5. Sensitive data leaves your machine
Every string you synthesize is sent to Google's servers. If you're voicing internal documents, customer PII, or content pulled out of Google Docs and other knowledge stores, that's a data-governance question worth answering before you ship.
What is the Difference Between gTTS vs. Google Cloud Text-to-Speech?
While gTTS and Google Cloud Text-to-Speech are often confused, they are not the same product. The differences are as follows:
If you need the Google Voice in production, you almost certainly want Google Cloud TTS, not gTTS.
When Should You Upgrade to a Professional TTS API?
The right time to move from gTTS to a professional text to speech API depends on how critical audio quality, reliability, and customization are to your project. gTTS works well for prototypes, portfolio projects, personal accessibility tools, educational demos, and lightweight experiments because it is simple, free, and easy to implement. However, if you are launching a product for paying customers, relying on speech quality as part of your user experience, or need predictable latency backed by service-level agreements, a professional solution becomes more important. Upgrading also makes sense when you need advanced capabilities such as multiple voice options, voice cloning, SSML support, streaming audio, detailed control over pacing and pronunciation, or clear commercial licensing terms for legal and business requirements. As projects move from experimentation to production, these features often shift from being optional to essential.

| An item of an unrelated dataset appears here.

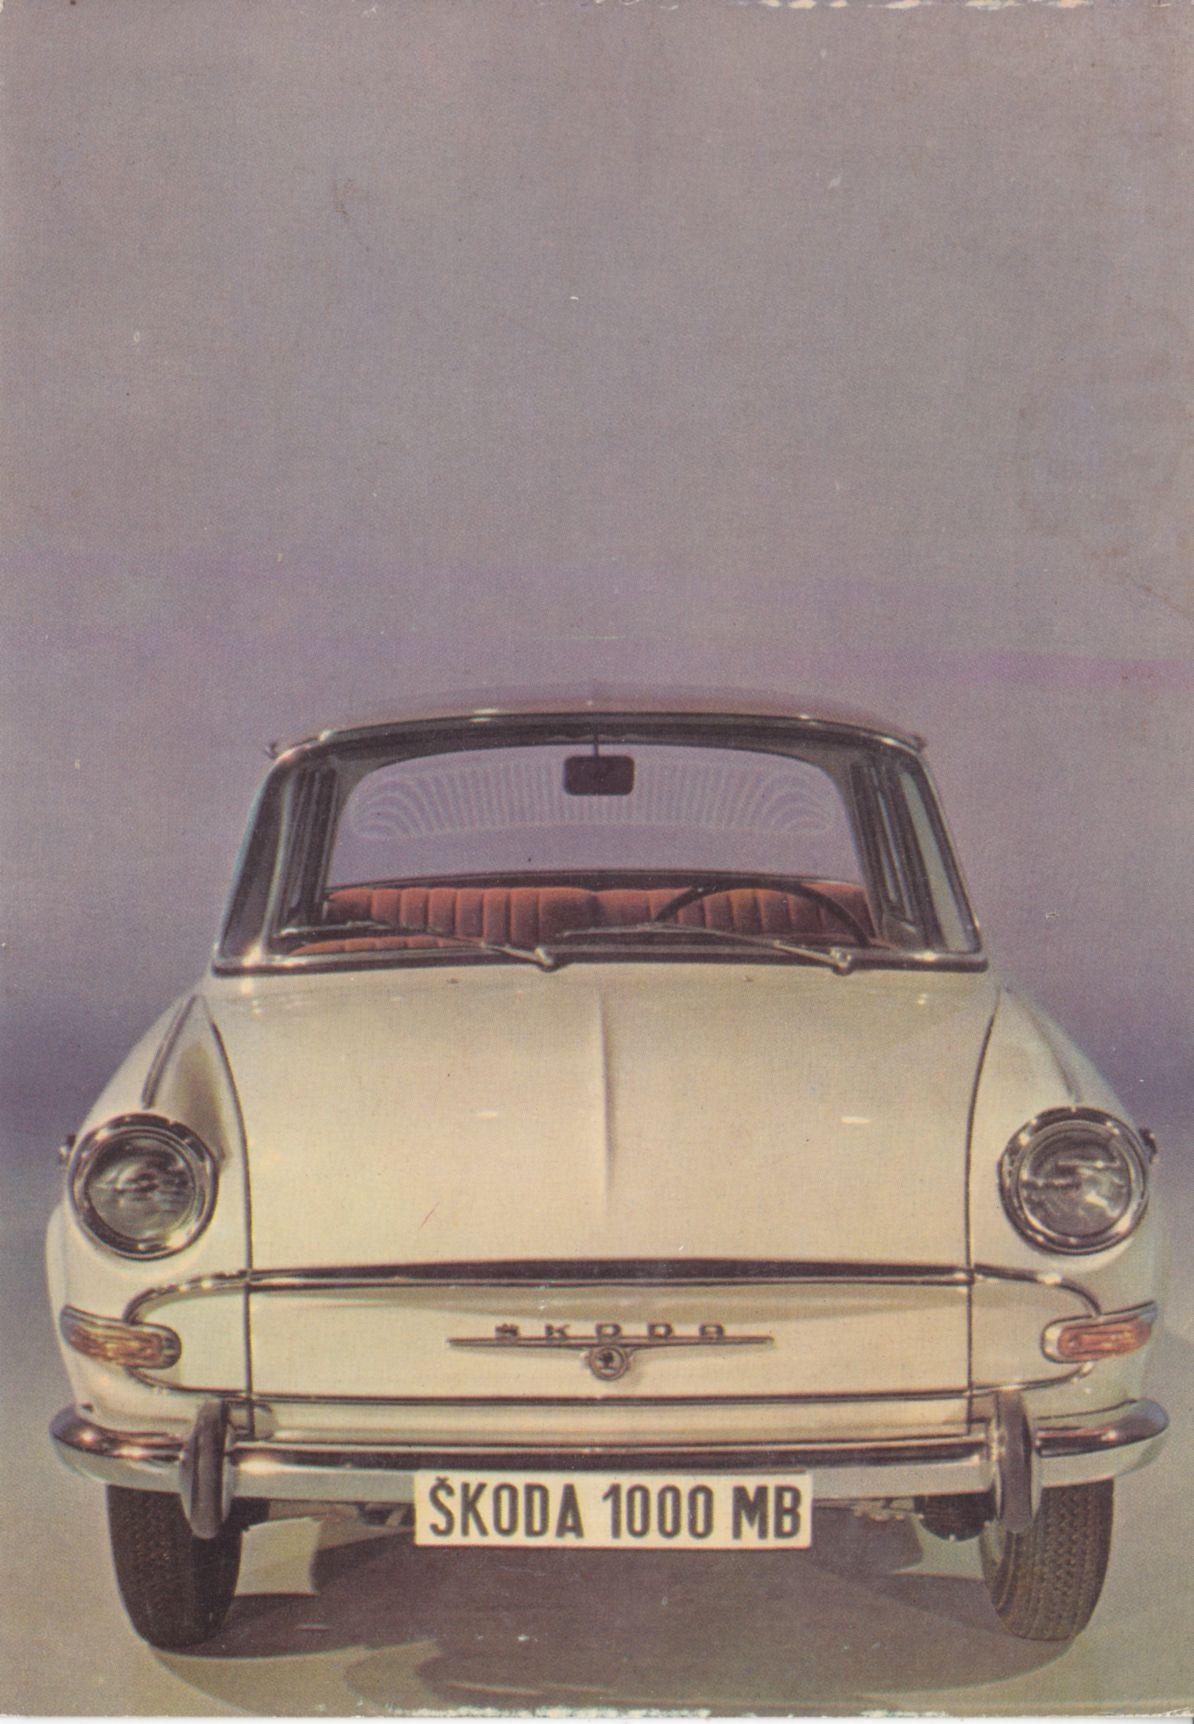 Skoda 1000 Mb Approx 1965 Auto Tekniikka
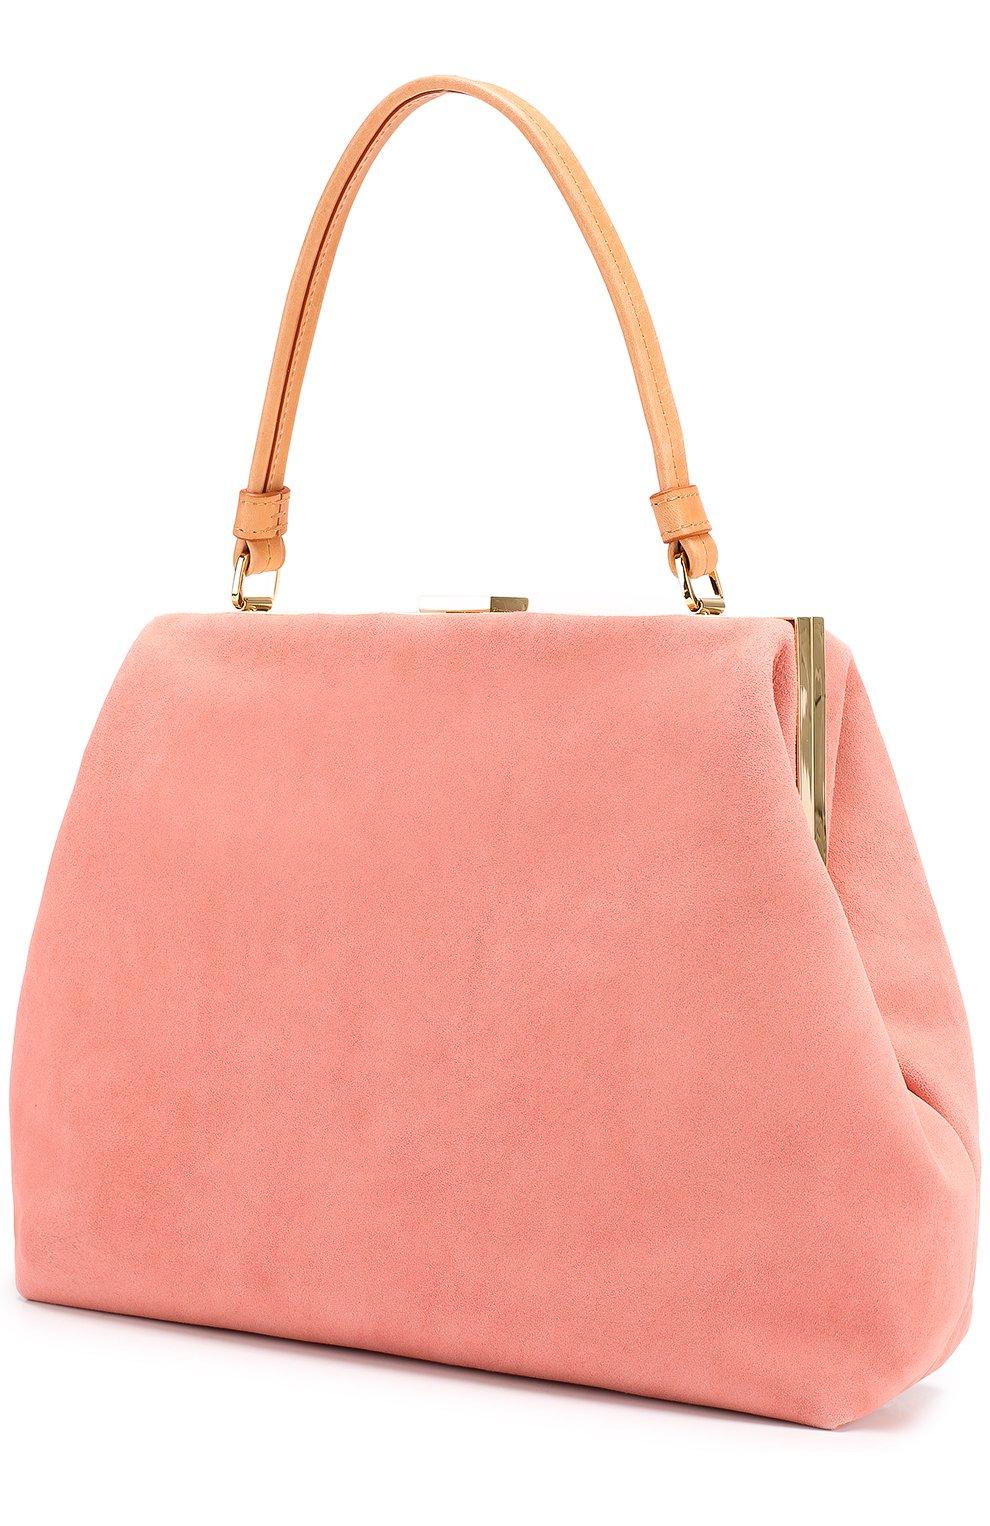 337905311b06 Женская замшевая сумка elegant MANSUR GAVRIEL розового цвета ...

Should you Choose gTTS or Speechify's API?
Speechify's text to speech API is an officially supported, paid service with neural voices, multiple voice options per language, SSML support, and commercial licensing baked into the contract, not a wrapper around an undocumented endpoint. If gTTS's rate limits, voice quality, or TOS ambiguity are starting to block you, that's the kind of migration path worth evaluating.
FAQ
Is gTTS free to use?
Yes, gTTS is a free, MIT-licensed Python library, but for commercial-grade, licensed audio you'll want a paid service like the Speechify API.
Does gTTS work offline?
No, gTTS requires an internet connection because it calls Google's servers, and the same is true of the Speechify API, which is a cloud service.
Can I use gTTS in a commercial product?
The licensing of gTTS output for commercial use is ambiguous since it relies on an undocumented Google endpoint, whereas the Speechify API provides explicit commercial licensing.
How do I change voices in gTTS?
You can't really. gTTS gives you one voice per language, while the Speechify API offers a catalog of neural voices to choose from.
Does gTTS support SSML?
No, gTTS has no SSML support, no pitch control, and no fine-grained rate control, but the Speechify API supports SSML for full prosody control.
Why is gTTS returning HTTP 429 errors?
You've hit Google Translate's undocumented rate limit, which is a common reason developers migrate to a service with a real SLA like the Speechify API.
Is gTTS the same as Google Cloud Text-to-Speech?
No, gTTS wraps an unofficial Google Translate endpoint, while Google Cloud TTS is a separate paid product, and the Speechify API is another paid alternative with neural voices.
What's the best Python TTS library for production?
gTTS is fine for prototypes but not production; for production workloads most developers move to a paid API such as the Speechify API.
Can gTTS clone a voice?
No, voice cloning is not supported in gTTS, but it is available through the Speechify API.
How do I stream audio with gTTS?
gTTS doesn't support real-time streaming, it returns a completed MP3, so for low-latency streaming use the Speechify API instead.